Studio album by Asian Dub Foundation
- Released: 31 July 2013
- Genre: Hip hop, electronica, big beat
- Length: 56:26
- Label: Beat Records

Asian Dub Foundation chronology
| A History of Now (2011) | The Signal The Noise (2013) | More Signal More Noise (2015) |

= More Signal More Noise =

Released in Japan in 2013 as The Signal and the Noise. The album was updated, re-recorded and released internationally in 2015 as More Signal More Noise. These are the eighth and ninth studio albums by the British band Asian Dub Foundation.

==Track listings==
The Signal and the Noise:
1. "Zig Zag Nation" - 3:49
2. "The Signal And The Noise" - 3:20
3. "Radio Bubblegum" - 4:16
4. "Qutub Minar" - 4:20
5. "Stand Up" - 4:58
6. "Hovering" - 4:52
7. "Straitjacket" - 3:58
8. "Get Lost Bashar" - 3:40
9. "Bnadh Bhenge Dao (ADF Version)" - 3:29
10. "Blade Ragga" - 6:06
11. "Your World Has Gone" - 3:19 (featuring vocals by Shama Rahman)
12. "Dubblegum Flute Flavour" - 5:29
13. "Psychosamba (Bonus Track For Japan)" - 4:43

More Signal More Noise:

| No. | Title | Length |
|---|---|---|
| 1. | "Zig Zag Nation" (K. Romanay, Steve Chandra Savale, Akthar Ahmed) | 03:55 |
| 2. | "The Signal and the Noise" (Steve Chandra Savale, Akthar Ahmed) | 03:22 |
| 3. | "Radio Bubblegum" (L. Kenny, Aniruddha Das, Steve Chandra Savale, Loveleen Aulakh) | 03:52 |
| 4. | "Blade Ragga" (Aniruddha Das, Steve Chandra Savale, Nathan Francis Lee, Loveleen Aulakh) | 06:11 |
| 5. | "Semira" (Nathan Francis Lee, M. Pagulatos, Steve Chandra Savale, Aniruddha Das) | 04:33 |
| 6. | "Stand Up" (Steve Chandra Savale, Akthar Ahmed) | 04:29 |
| 7. | "Flyover (2015)" (Steve Chandra Savale, Sanjay Tailor, Aniruddha Das) | 04:19 |
| 8. | "Hovering" (Steve Chandra Savale, Aniruddha Das, Nathan Francis Lee, Loveleen Aulakh) | 04:48 |
| 9. | "Get Lost Bashar" (Aniruddha Das, Steve Chandra Savale) | 03:42 |
| 10. | "Fall of the House of Cards" (Steve Chandra Savale, Akthar Ahmed, Aniruddha Das, Qaushig Mukherjee, Neel Adhikari) | 03:30 |
| 11. | "Dubblegum Flute Flavour" (Steve Chandra Savale, Aniruddha Das, Nathan Francis Lee, Loveleen Aulakh) | 04:05 |

== Personnel ==
The following personnel are credited to this album:

- Steve Chandra Savale a.k.a.
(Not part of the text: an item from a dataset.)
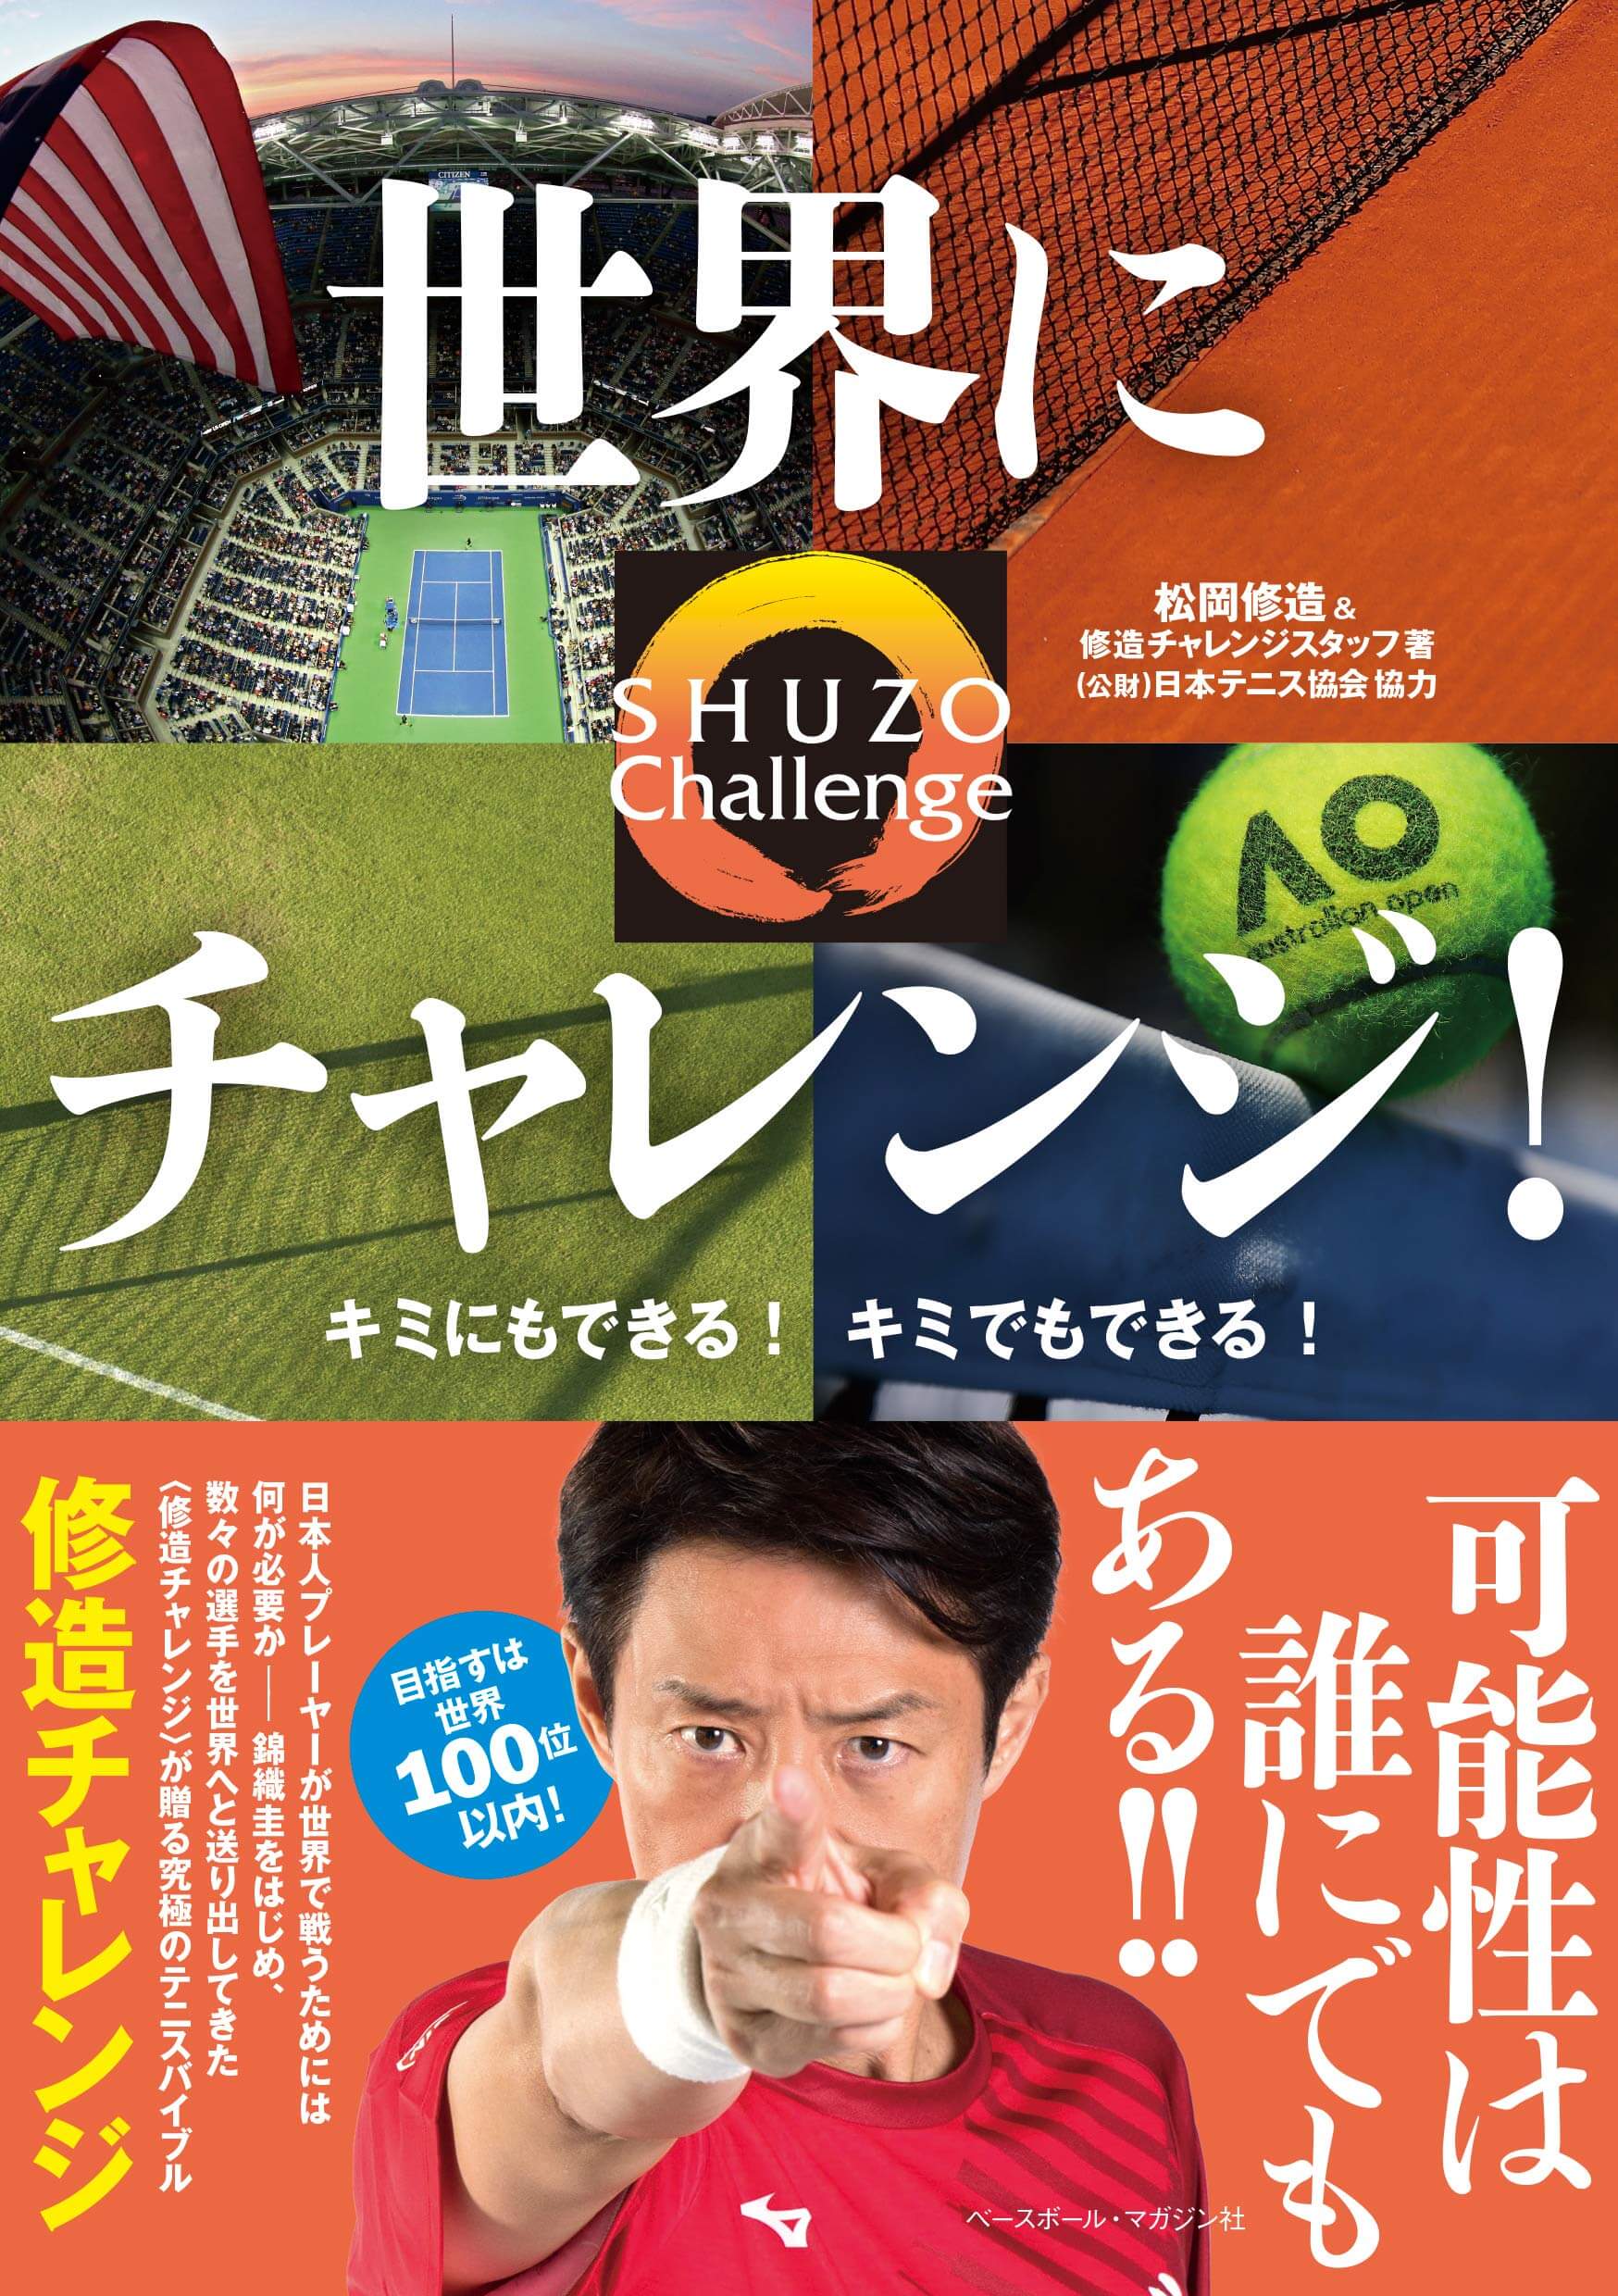 世界にチャレンジ キミにもできる キミでもできる 4月2日発売 松岡修造オフィシャルサイト Shuzo Matsuoka Official Site

Chandrasonic - Guitar, vocals, programming, producer
- Aniruddha Das a.k.a. Dr Das - Bass, programming
- Aktar Ahmed - Lead Vocals
- Ghetto Priest - Lead vocals
- Nathan "Flutebox" Lee - Flute, Flute beatboxing
- Rocky Singh - Drums

Additional personnel credited:

- "Zig Zag Nation"; Naga MC - rap; Amy True, Maniman - vocals.
- "The Signal and the Noise"; Chandra Walker - Additional; Prithpal Rajput - Dhol; Daljinder Singh Virdee - Alghoza (twin flutes).
More Signal More Noise (2015) only:

- Qaushig Mukherjee and Neel Adhikari (Gandu Circus) - Vocals on "Fall of the House of Cards".
- Tanaji Dasgupta, Damini Roy, Kamalika Banarjee - Adicional vocals on "Fall of the House of Cards".
- Suomo - Khol (percussion) on "Fall of the House of Cards".

== Reception ==
Louder Than War gave the More Signal More Noise a very positive review calling it "... possibly their finest album yet." and stating it is "Loud, proud and jam-packed full of superbly arranged and produced tracks ...". NME rated the album as mediocre, they praised its "audacious" sonics but said some of the lyrics covered "cringe song topics".